FIG. 3A and FIG. 3B illustrate ECG patterns of a normal subject and an AF patient, as known in the art. As seen in FIG. 3A and FIG. 3B, a normal ECG cycle has three major components, a P wave, a QRS complex containing an R peak, and the T wave. AF is a type of arrhythmia that affects the atrial activities of the heart. Firstly, the P waves are either absent or are replaced by fibrillatory waves. Secondly, the irregular Heart Rate Variability (HRV) due to AF causes large variation in successive R-R interval distances. These two clinical markers of AF are utilized in the present disclosure for synthesis of ECG signals.
FIG. 4 illustrates an exemplary flow diagram of a computer implemented method 400 for simulation of cardiovascular disease specific biomedical signals using the ensemble GAN, in accordance with some embodiments of the present disclosure. In an embodiment, the system 100 includes one or more data storage devices or memory 102 operatively coupled to the one or more hardware processors 104 and is configured to store instructions configured for execution of steps of the method 400 by the one or more hardware processors 104. The steps of the method 400 will now be explained in detail with reference to the components of the system 100 of FIG. 1 and the exemplary architecture of FIG 2 . Although process steps, method steps, techniques or the like may be described in a sequential order, such processes, methods and techniques may be configured to work in alternate orders. In other words, any sequence or order of steps that may be described does not necessarily indicate a requirement that the steps be performed in that order. The steps of processes described herein may be performed in any order practical. Further, some steps may be performed simultaneously.

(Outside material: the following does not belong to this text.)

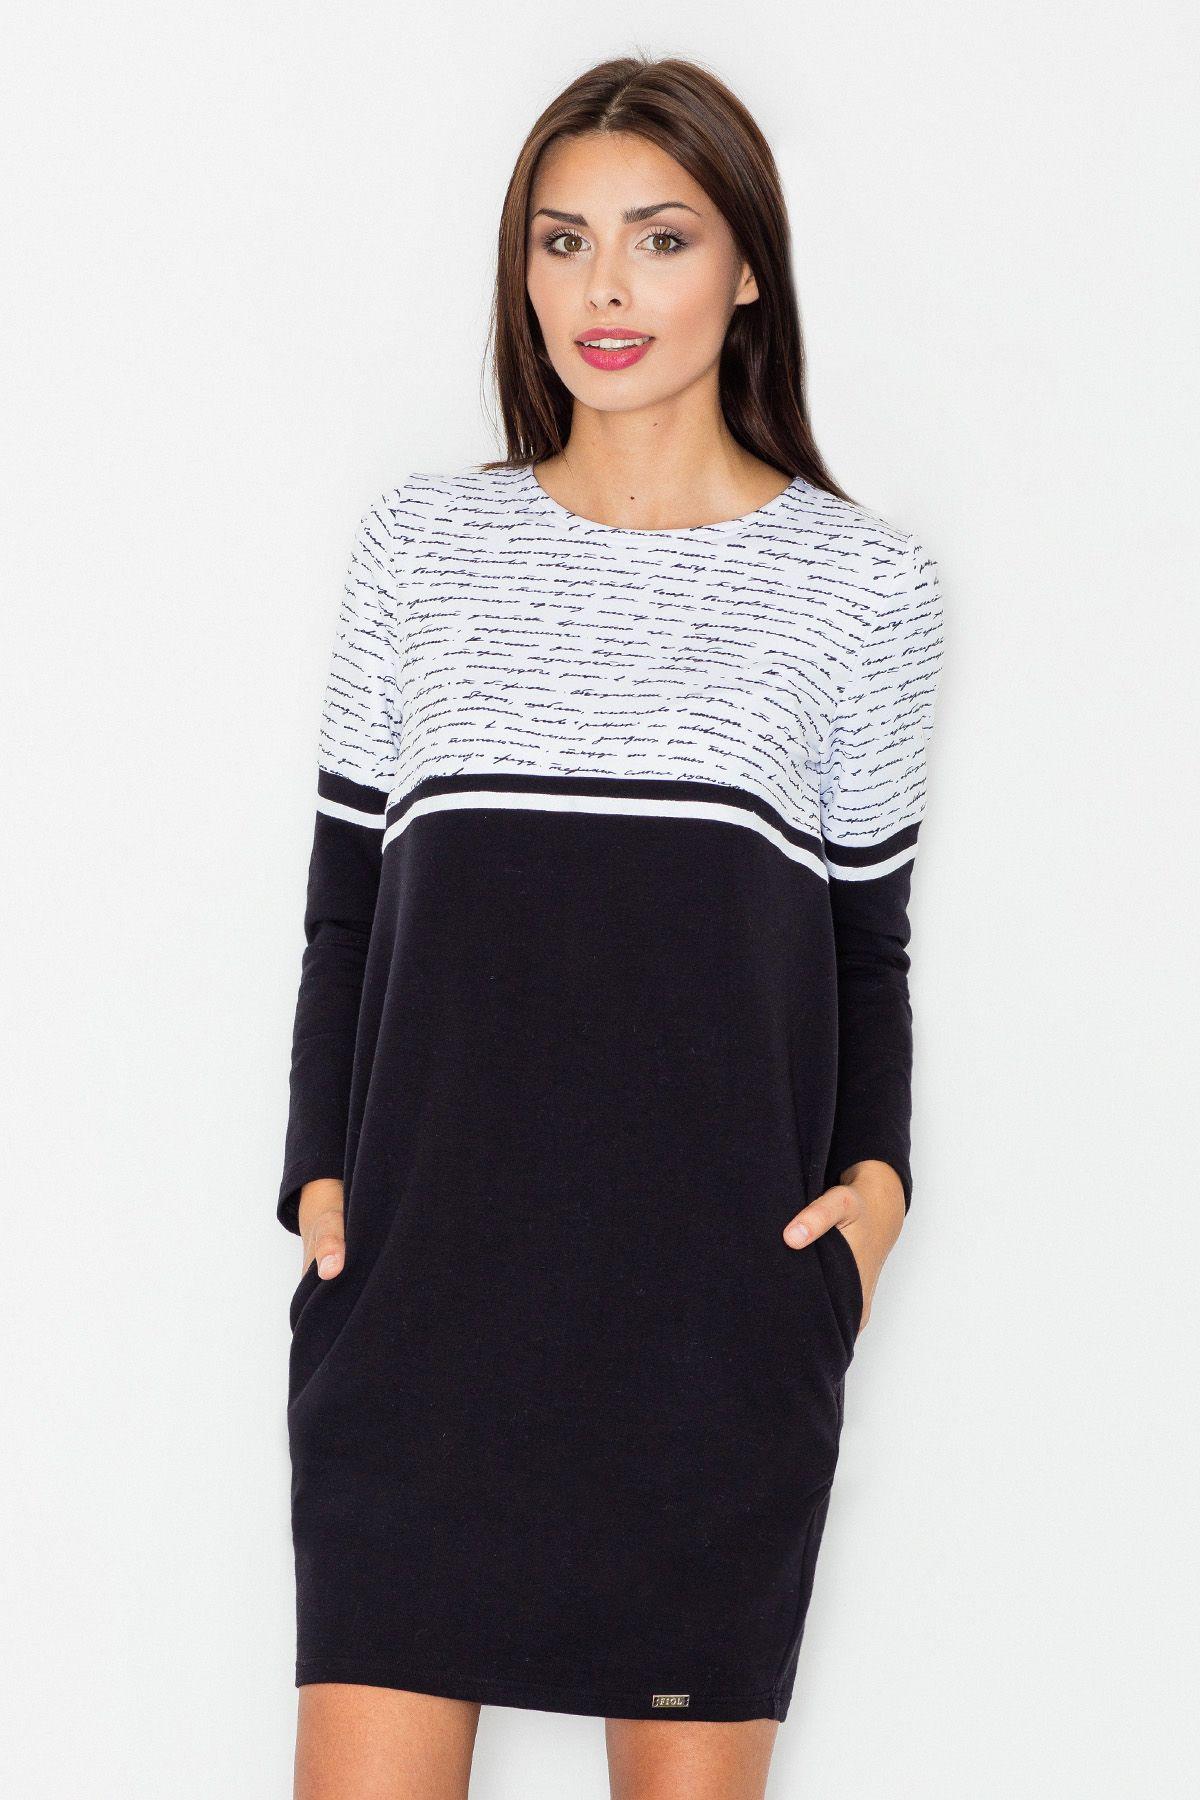 Black Casual Cotton Dress

In an embodiment of the present disclosure, the one or more hardware processors 104, are configured to receive as input, at step 402, (i) a first set of real numbers selected randomly from a unit Gaussian distribution and (ii) a second set of reference training data comprising time series data representing a biomedical signal corresponding to a cardiovascular disease condition, each time series data including a plurality of complete cardiac cycles. The reference training data has the signature of the cardiovascular disease condition.

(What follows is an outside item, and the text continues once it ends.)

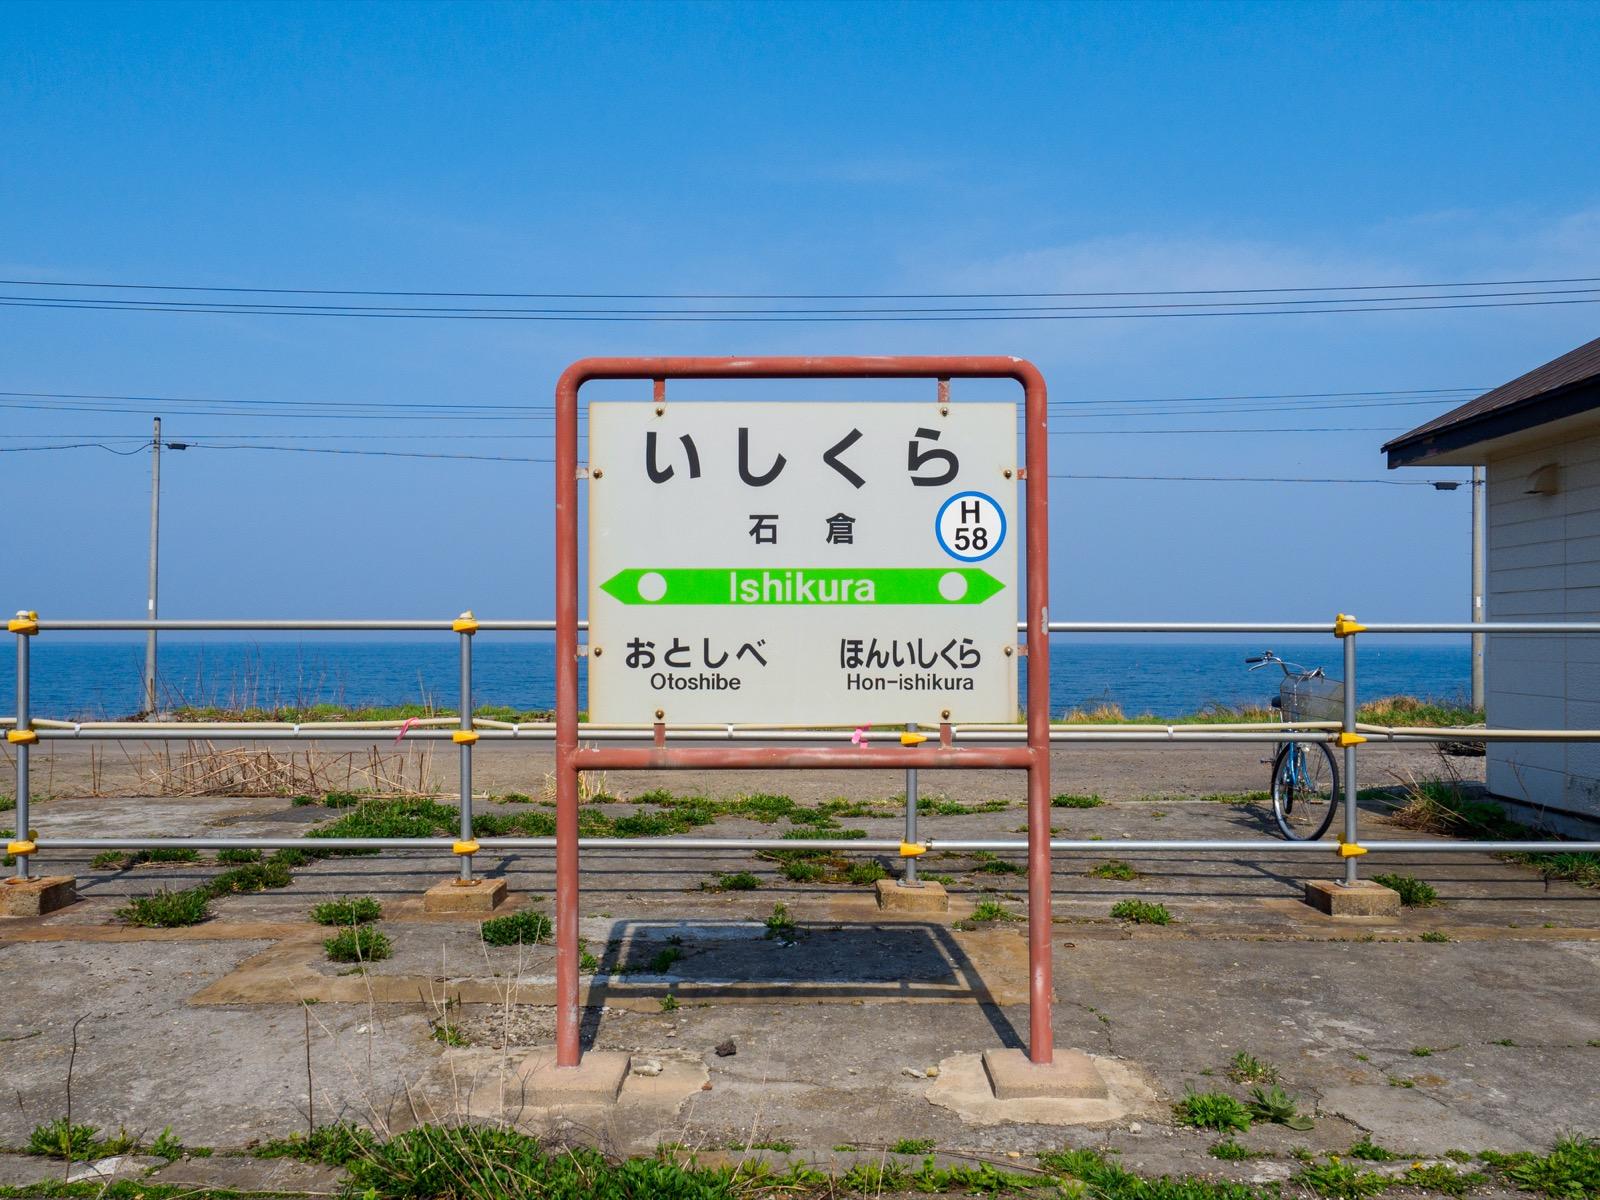 石倉駅の駅名標と噴火湾(内浦湾)

In an embodiment, the one or more hardware processors 104, are configured to train, at step 404, the ensemble GAN (108 of FIG. 1 ) explained with reference to FIG. 2 above. In an embodiment, the step of training the ensemble GAN comprises, performing for each training epoch, the steps of: generating an R-R interval time series, by the generator of the LSTM-GAN, using the first set of real numbers by mapping the first set of real numbers to a time series and classifying the generated R-R interval time-series as belonging to the cardiovascular disease condition or not, by the discriminator of the LSTM-GAN based on R-R interval distances computed using the second set of reference training data; and generating the representative cardiac cycle specific to the cardiovascular disease condition, by the generator of the DCGAN, using the first set of real numbers and classifying the generated representative cardiac cycle as belonging to the cardiovascular disease condition or not, by the discriminator of the DCGAN based on the cardiac cycle computed using the second set of reference training data. In accordance with the present disclosure, the step of training culminates after a first predefined number of training epochs or when the generated R-R interval time series and the generated representative cardiac cycle is within a predefined threshold when compared with the second set of reference training data.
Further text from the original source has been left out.